She was a 15-year-old student at San Antonio’s Taft High School with a soft smile and dark eyes. Like most girls her age in Texas, she liked blue jeans. But unlike most girls her age in Texas, in 2017 she was promised in marriage to a man 10 years her senior who would pay her parents $20,000 to take her as his wife.
But the Iraqi-born Maarib Al Hishmawi had no intention of marrying so young, least of all to a man so much older and whom she hardly even knew. So she refused.
Her parents, who had moved to the United States from their native Iraq two years prior, were furious. They “choked her almost to the point of unconsciousness,” said Bexar County Sheriff Javier Salazar. They beat her with broomsticks. Her mother, 33-year-old Hamdiya Sabah Al Hismawi, threw hot oil on her body.

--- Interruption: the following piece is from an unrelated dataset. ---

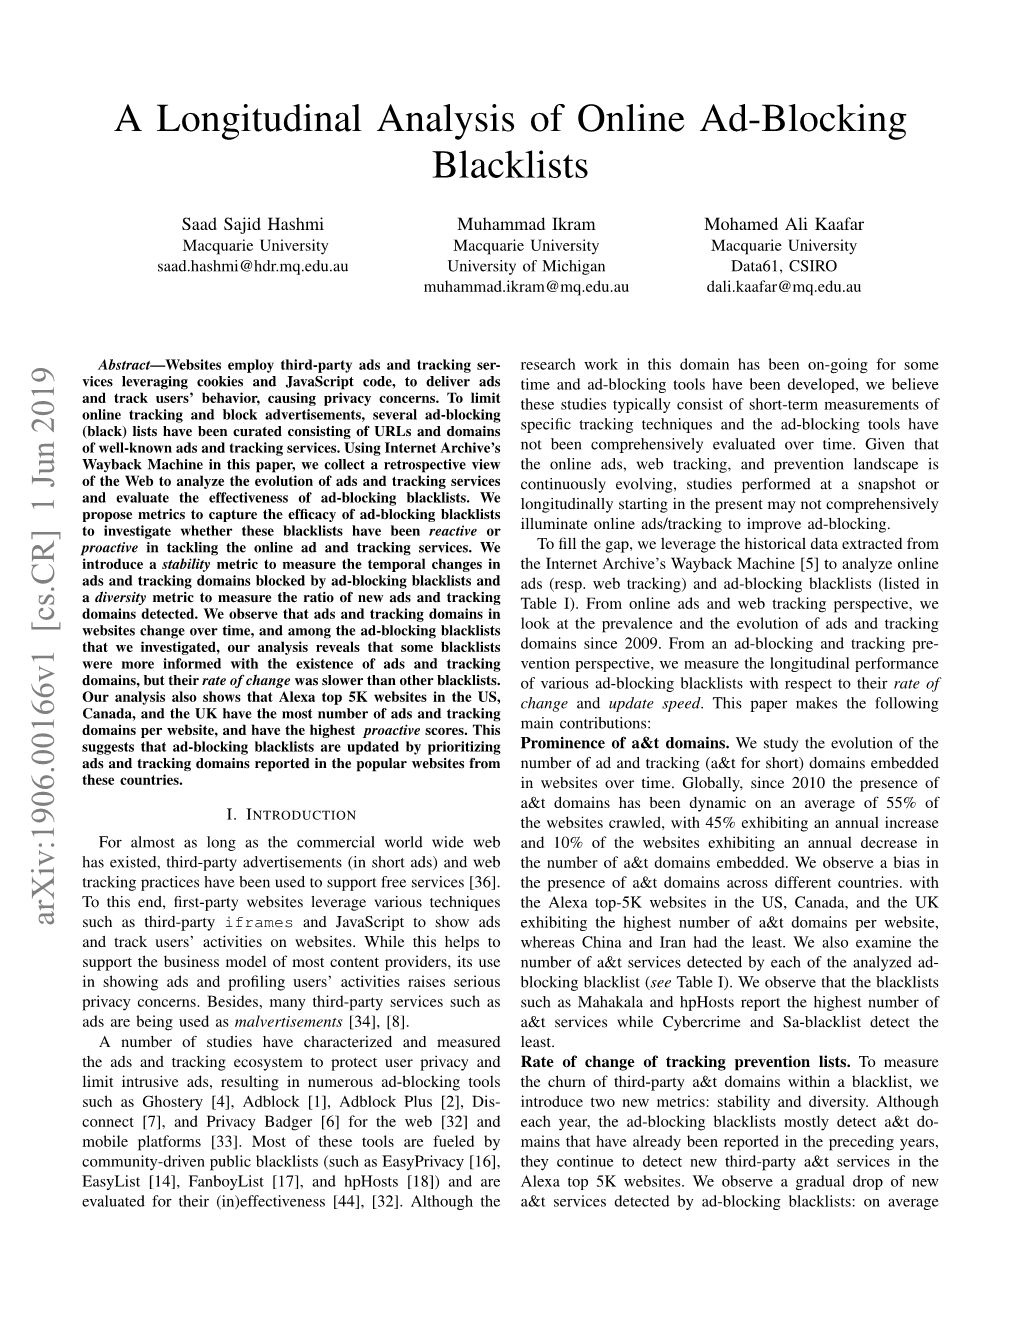 A Longitudinal Analysis of Online Ad-Blocking Blacklists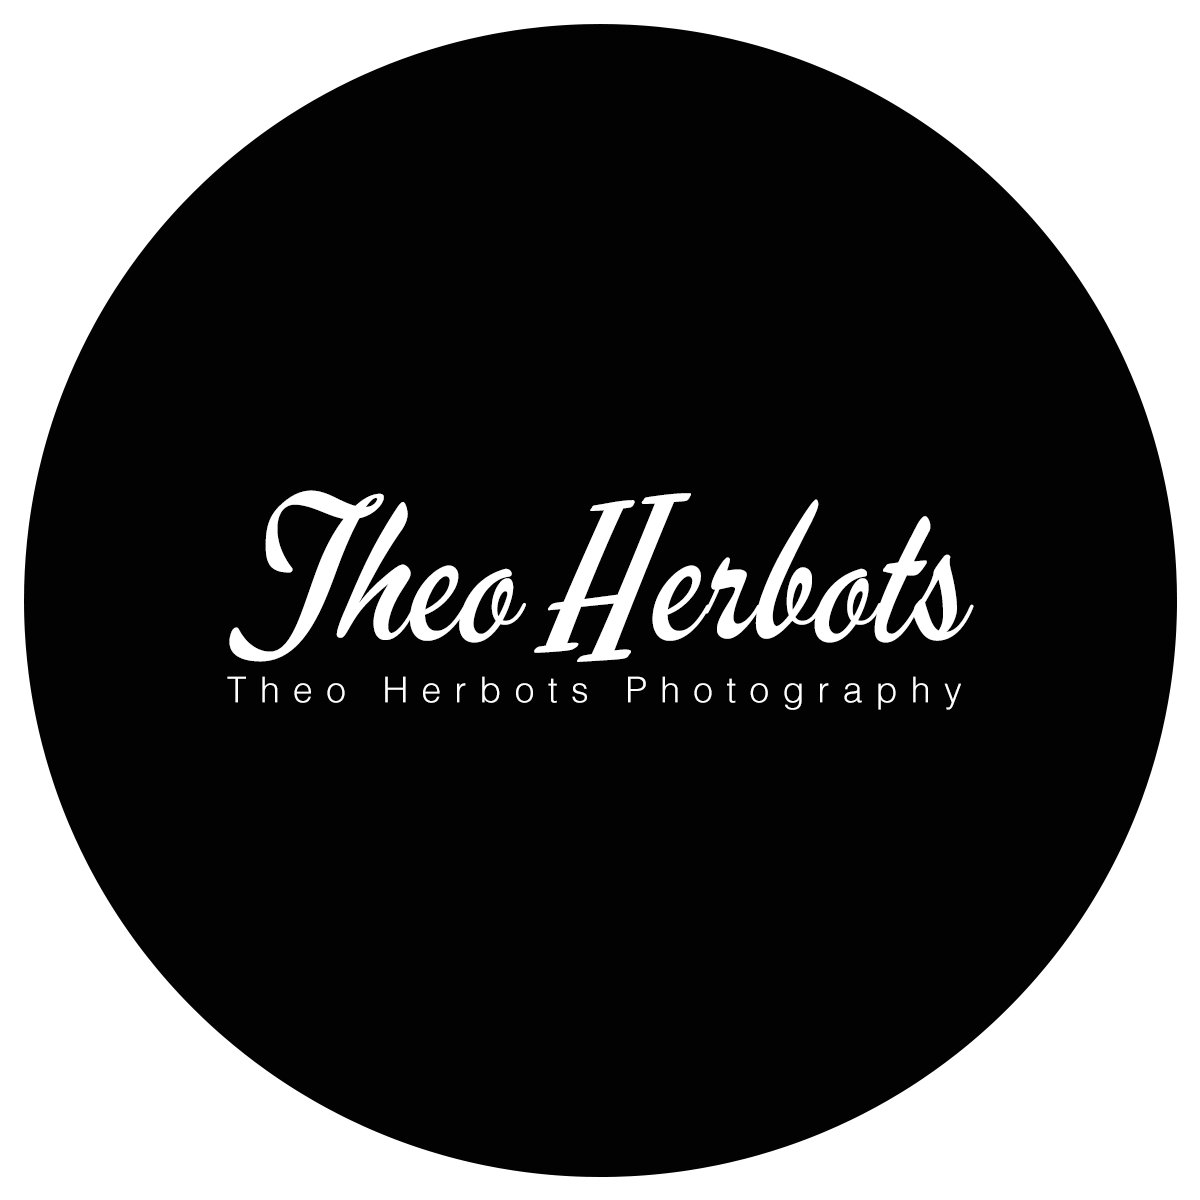 Theo-Herbots-Fotograaf logo

Maarib escaped, running away from home in January. Claiming that they feared she’d been kidnapped, her parents called in local police and the FBI to help track her down. But even from the start, Salazar told CBS News that it was clear to him that “this wasn’t an ordinary missing persons case.” When police found her in an undisclosed location some weeks later, Maarib explained her story. She and her five brothers were taken in by Child Protective Services, and her parents immediately taken into custody. Her father blamed Maarib for his arrest.